*** Exercise inputs Section Begins ***

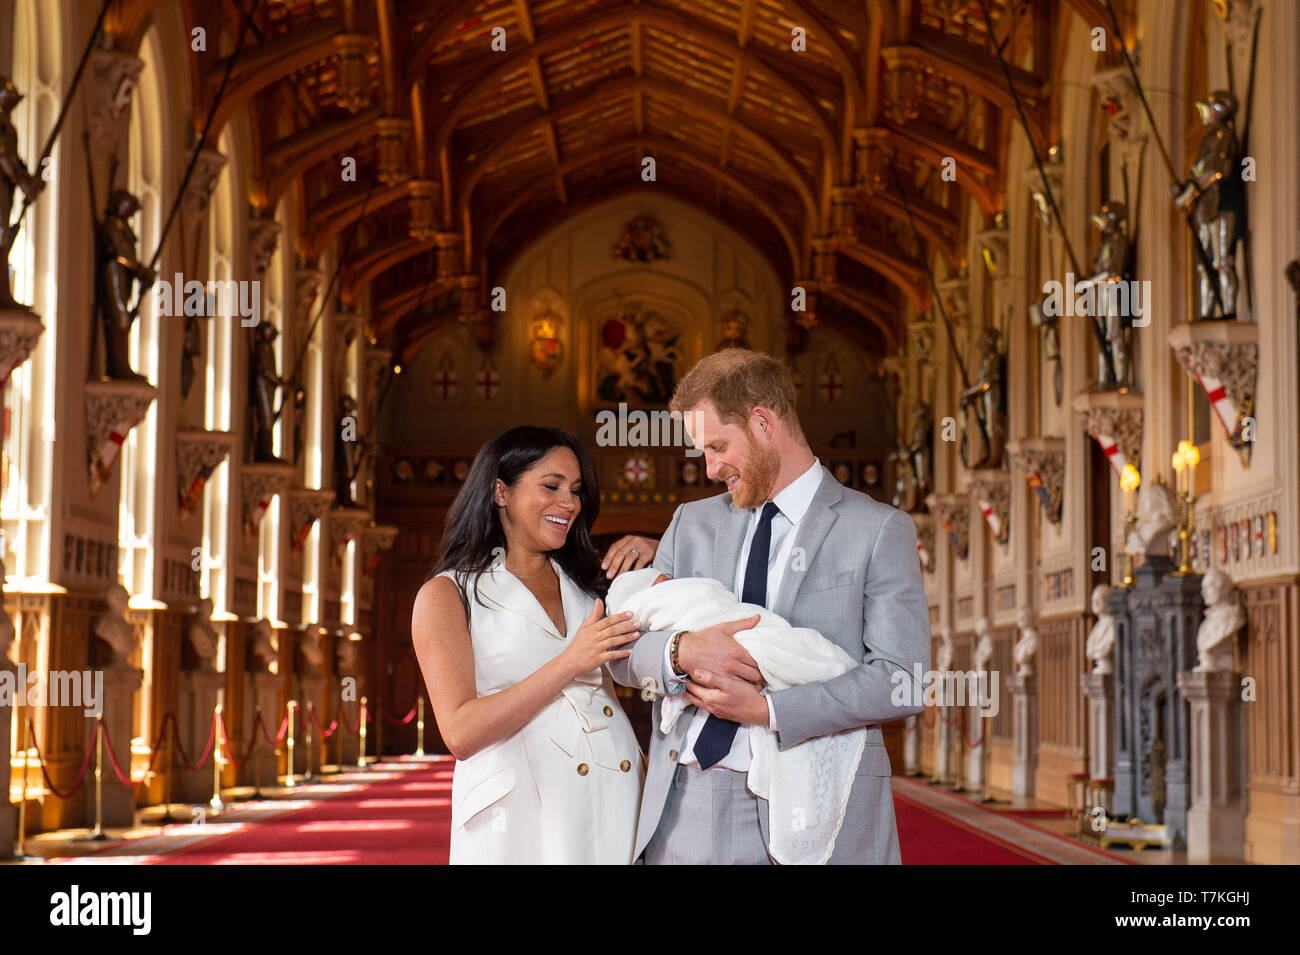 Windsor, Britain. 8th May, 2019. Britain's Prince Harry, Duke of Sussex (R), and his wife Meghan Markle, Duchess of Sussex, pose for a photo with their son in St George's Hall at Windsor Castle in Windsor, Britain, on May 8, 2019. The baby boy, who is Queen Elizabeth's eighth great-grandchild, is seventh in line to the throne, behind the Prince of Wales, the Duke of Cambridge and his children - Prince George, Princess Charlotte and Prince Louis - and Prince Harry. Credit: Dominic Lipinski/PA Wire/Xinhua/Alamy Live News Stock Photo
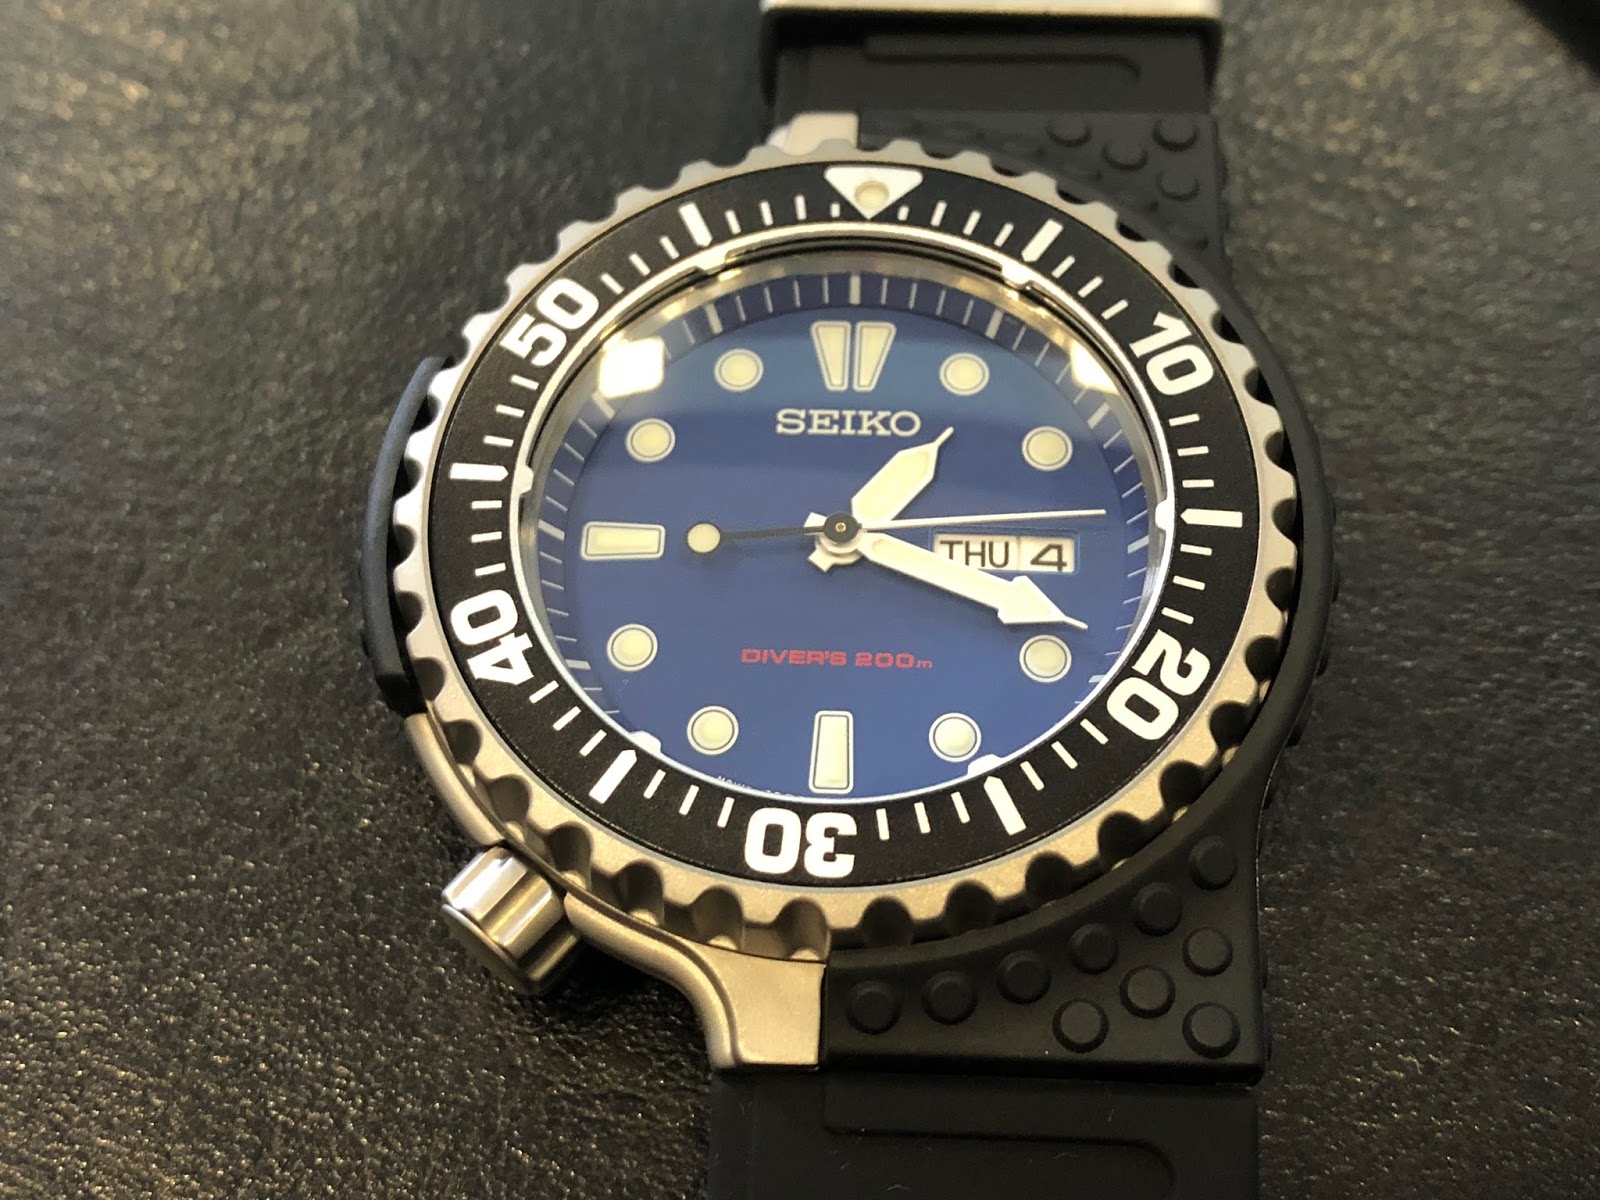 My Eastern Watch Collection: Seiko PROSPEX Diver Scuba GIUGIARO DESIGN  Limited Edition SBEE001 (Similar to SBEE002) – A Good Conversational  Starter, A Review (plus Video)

*** Exercise inputs Section Ends ***
*** Exercise inputs Section Begins ***

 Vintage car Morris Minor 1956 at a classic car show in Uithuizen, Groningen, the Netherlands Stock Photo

*** Exercise inputs Section Ends ***

▶ [Task requirements] Retype, exactly and with no pictures, everything above from the line with "Windsor, Britain. 8th" down to the line with "My Eastern Watch", both included.

▶ [Task response]
 Windsor, Britain. 8th May, 2019. Britain's Prince Harry, Duke of Sussex (R), and his wife Meghan Markle, Duchess of Sussex, pose for a photo with their son in St George's Hall at Windsor Castle in Windsor, Britain, on May 8, 2019. The baby boy, who is Queen Elizabeth's eighth great-grandchild, is seventh in line to the throne, behind the Prince of Wales, the Duke of Cambridge and his children - Prince George, Princess Charlotte and Prince Louis - and Prince Harry. Credit: Dominic Lipinski/PA Wire/Xinhua/Alamy Live News Stock Photo
 My Eastern Watch Collection: Seiko PROSPEX Diver Scuba GIUGIARO DESIGN  Limited Edition SBEE001 (Similar to SBEE002) – A Good Conversational  Starter, A Review (plus Video)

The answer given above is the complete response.